Sula's winemaker, Ajoy Shaw, works with about a dozen different grape varieties, but the label is best known for its Blush Zinfandel a juicy rosé that meets the local market's preference for fruity, often sweet, light-bodied wine. Elsewhere in Nashik, more complex wines are being produced. The York Winery makes a great Chenin Blanc filled with tropical fruit; Reveilo produces a very palatable Shiraz. But the region's best wine is probably being made at Chateau D'Ori in the nearby Dindori hills. This winery is owned by Ranjit Dhuru, a software entrepreneur from Mumbai whose first love is Bordeaux. He hired a consulting winemaker from Bordeaux, sent his nephew there for training and uses classic Bordeaux techniques, albeit on a wider range of grapes. Chateau D'Ori's 2007 Cabernet-Syrah blend is rich with blackberry fruit and was complex enough to impress the influential wine critic Gary Vaynerchuk, who said at a recent tasting in Mumbai that the wine "showed the potential of this country."

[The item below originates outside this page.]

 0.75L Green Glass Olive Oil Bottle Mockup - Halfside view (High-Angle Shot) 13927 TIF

Capitalizing on that potential is another matter. Because of India's complicated interstate tax laws on wine, many of the wines made in Nashik are not widely available outside the state of Maharashtra. Wineries are thus compelled to develop tourism if they are to bring their products to the attention of Indian and foreign drinkers. By the end of this year, several wineries not just Sula will add their own guesthouses. Samant says that wine tours are the next step, and he's working with a handful of Nashik wineries to put them together. In the meantime, the Taj Residency, tel: (91-253) 560 4499, provides comfortable accommodation in the center of town and helpful staff who can arrange transport within the area.

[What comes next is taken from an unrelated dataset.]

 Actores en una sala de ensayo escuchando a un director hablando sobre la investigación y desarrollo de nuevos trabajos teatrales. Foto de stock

Dining in Nashik does not, by and large, live up to the area's wines but that is partly because there isn't really a tradition in India of having wine with meals. Instead, locals usually enjoy it with small, savory bites, like the meltingly tender fish known as Bombay duck, fried at the seafood restaurant Radhakrishna, or the cheese kabobs and spicy prawns at Cellar Door, a wine bar frequented by an increasing number of Europeans who visit Nashik to do business with the city's automobile- and airplane-manufacturing companies. Cellar Door's owner, Sachin Darade, started as a manager at the Sula tasting room and opened his own place in March. It's not quite Napa but even Napa had to start somewhere.